# OCR/TCR weight



## Chudybeton (May 16, 2006)

1. What is the OCR1's frameset wieght? - I've heard it's Aluxx SL frame

2. What is the TCR2's (alu) weight?

Need to know to make the final decision.


----------



## wasfast (Feb 3, 2004)

You might look on weightweenies site for weights. I've not checked but they have weights for most parts and frames there.

http://www.weightweenies.starbike.com/listings.php


----------



## phazer (Oct 5, 2005)

They don't have OCR frame weight's.
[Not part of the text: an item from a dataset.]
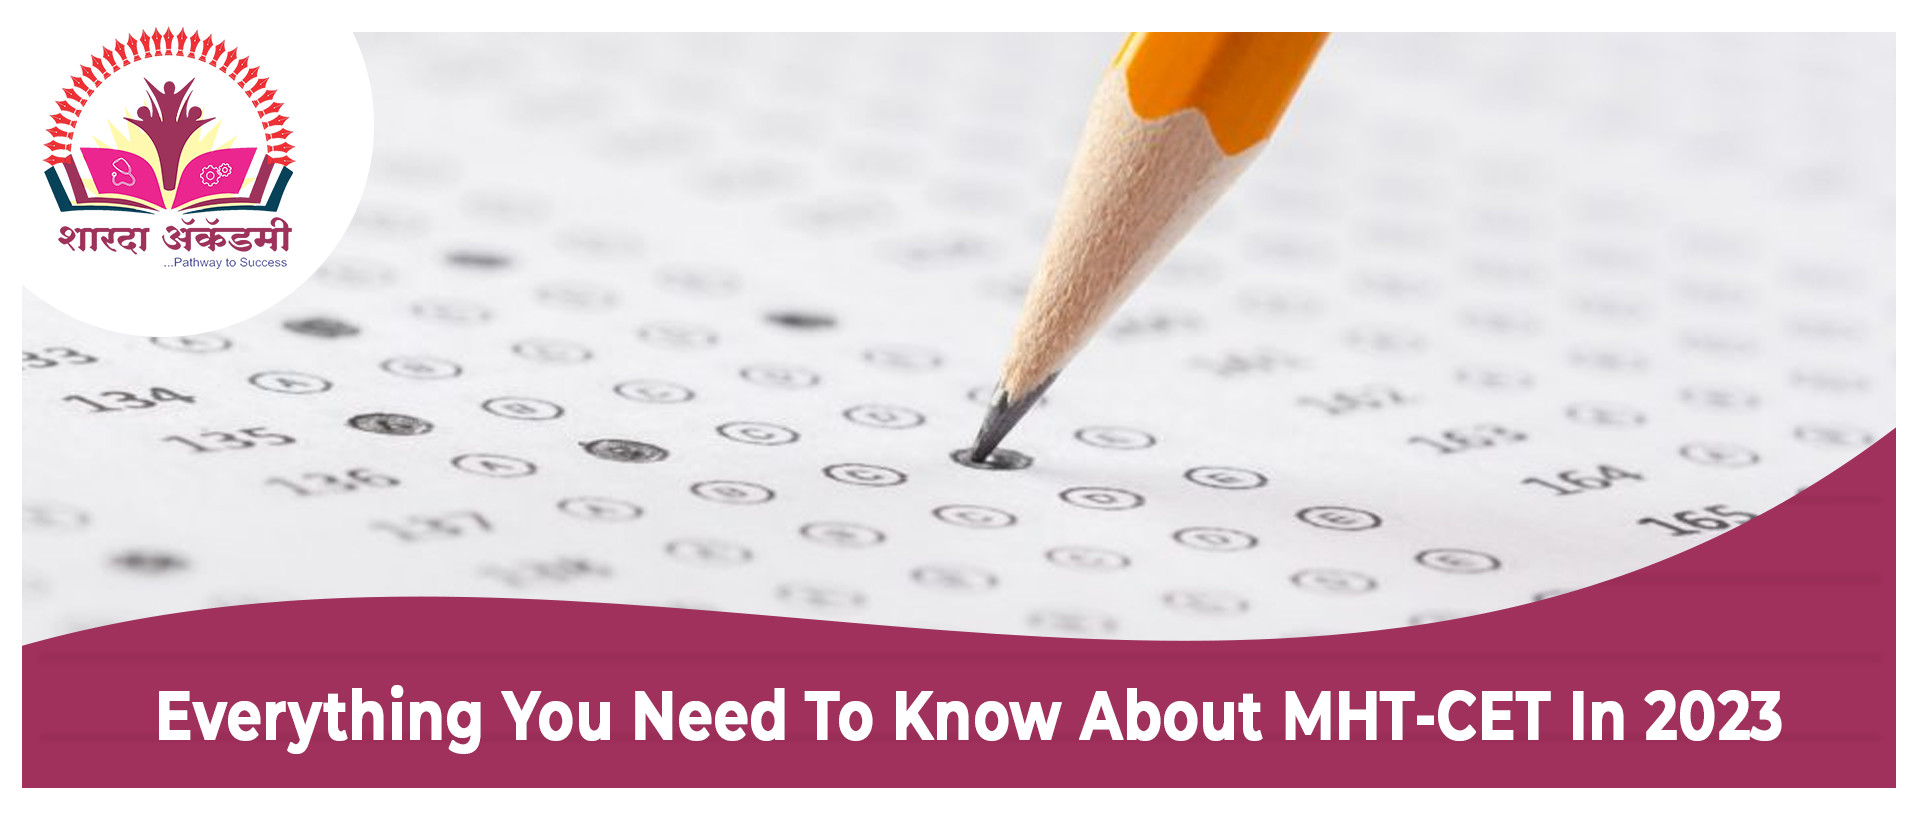 Everything You Need to Know About MHT-CET in 2023
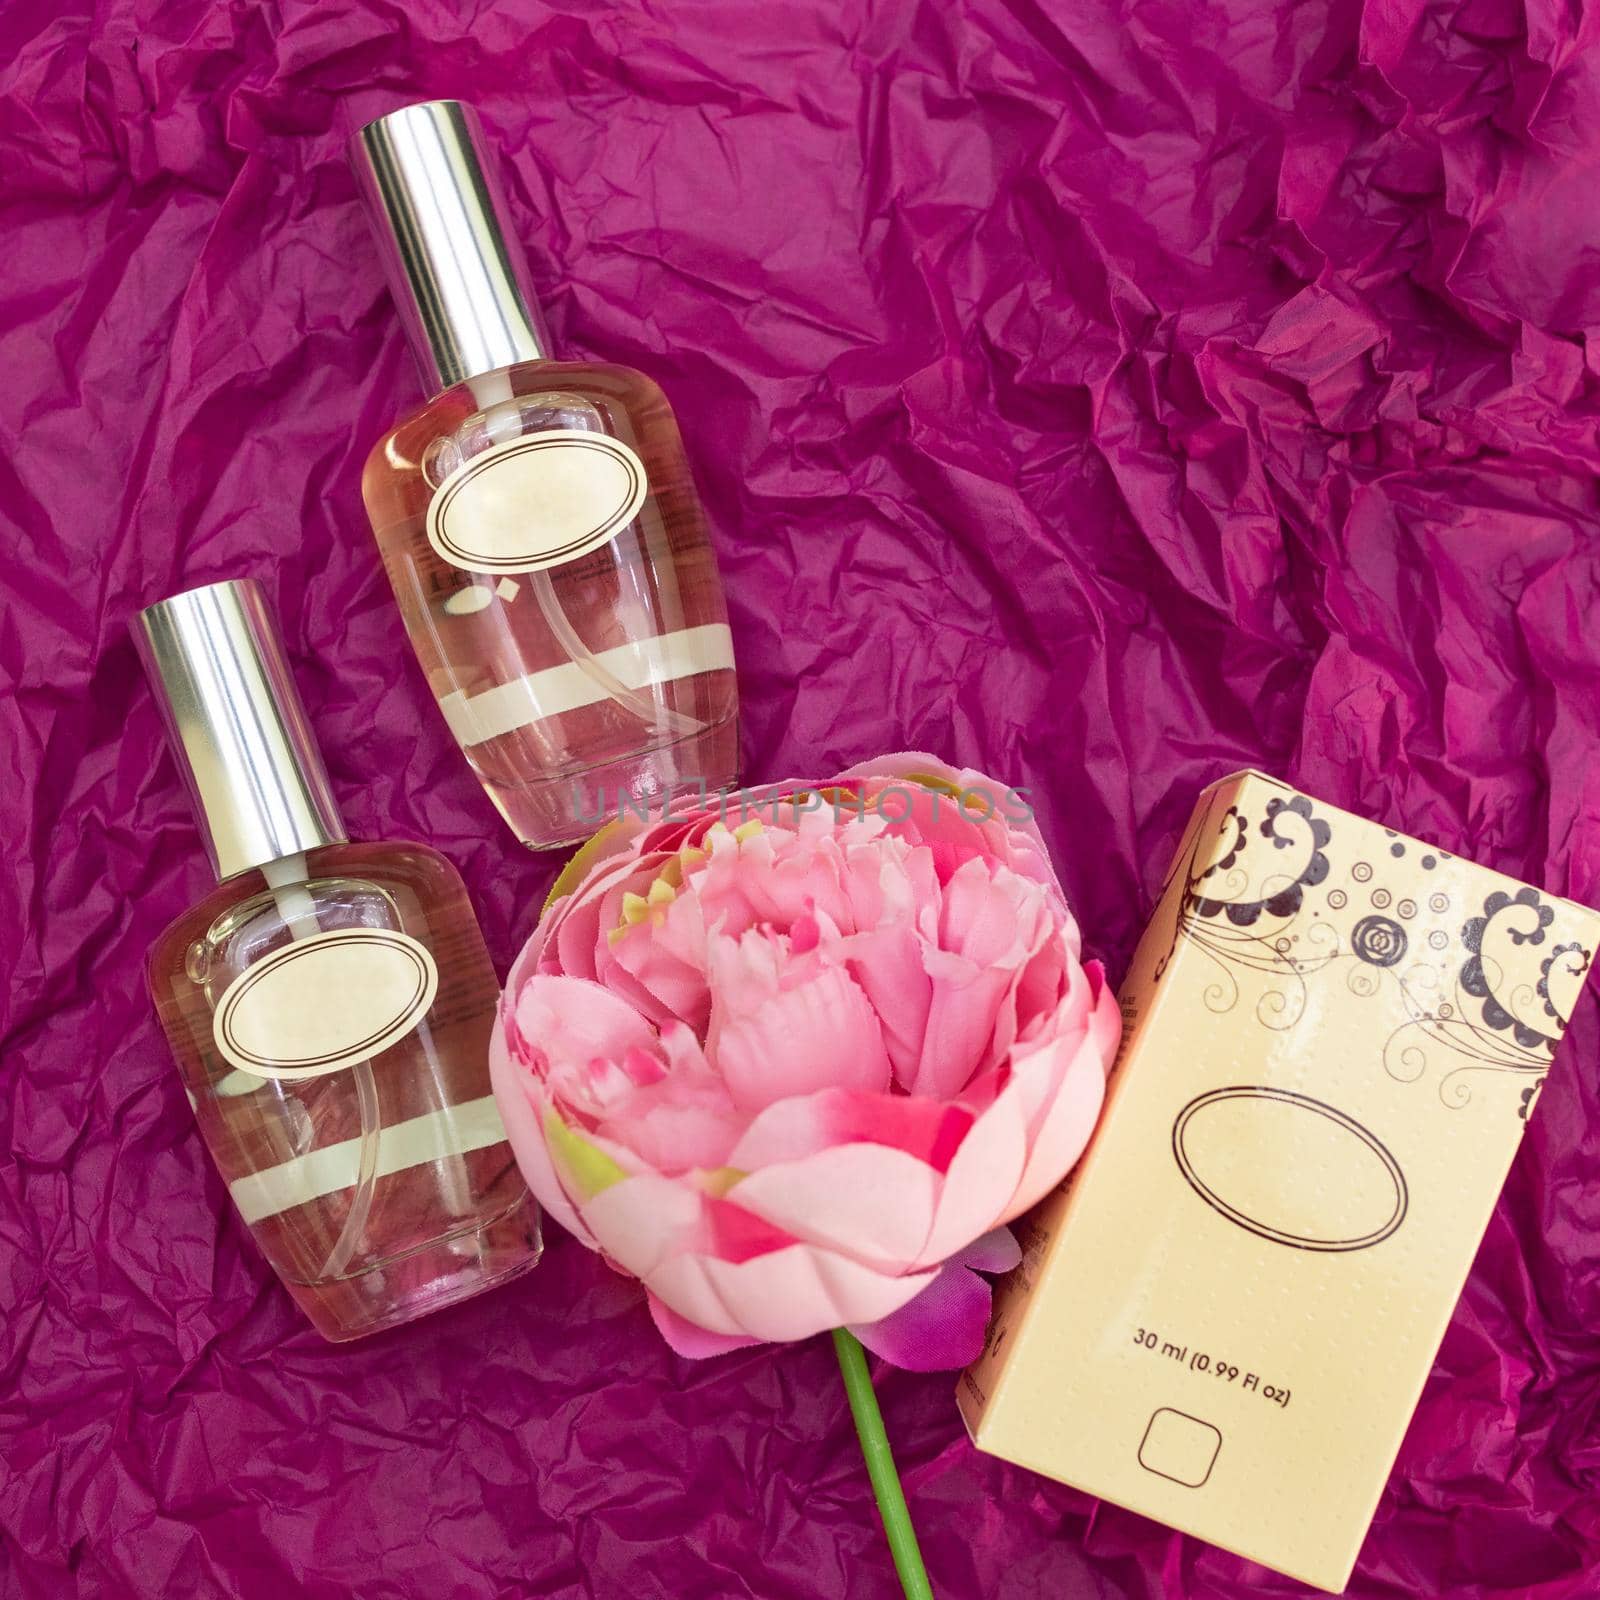 Perfume flacon with rose on the colorful background by ferhad

Quite interested myself.


----------



## lobo (Jun 10, 2004)

Chudybeton said:


> 1. What is the OCR1's frameset wieght? - I've heard it's Aluxx SL frame
> 
> 2. What is the TCR2's (alu) weight?
> 
> Need to know to make the final decision.


It weigh 1410 to 1435 g ( S and M ) .


----------



## lobo (Jun 10, 2004)

Chudybeton said:


> 1. What is the OCR1's frameset wieght? - I've heard it's Aluxx SL frame
> 
> 2. What is the TCR2's (alu) weight?
> 
> Need to know to make the final decision.


It weigh 1410 to 1435 g (OCR S and M ) .


----------



## phazer (Oct 5, 2005)

lobo said:


> It weigh 1410 to 1435 g ( S and M ) .


This for the TCR or OCR?


----------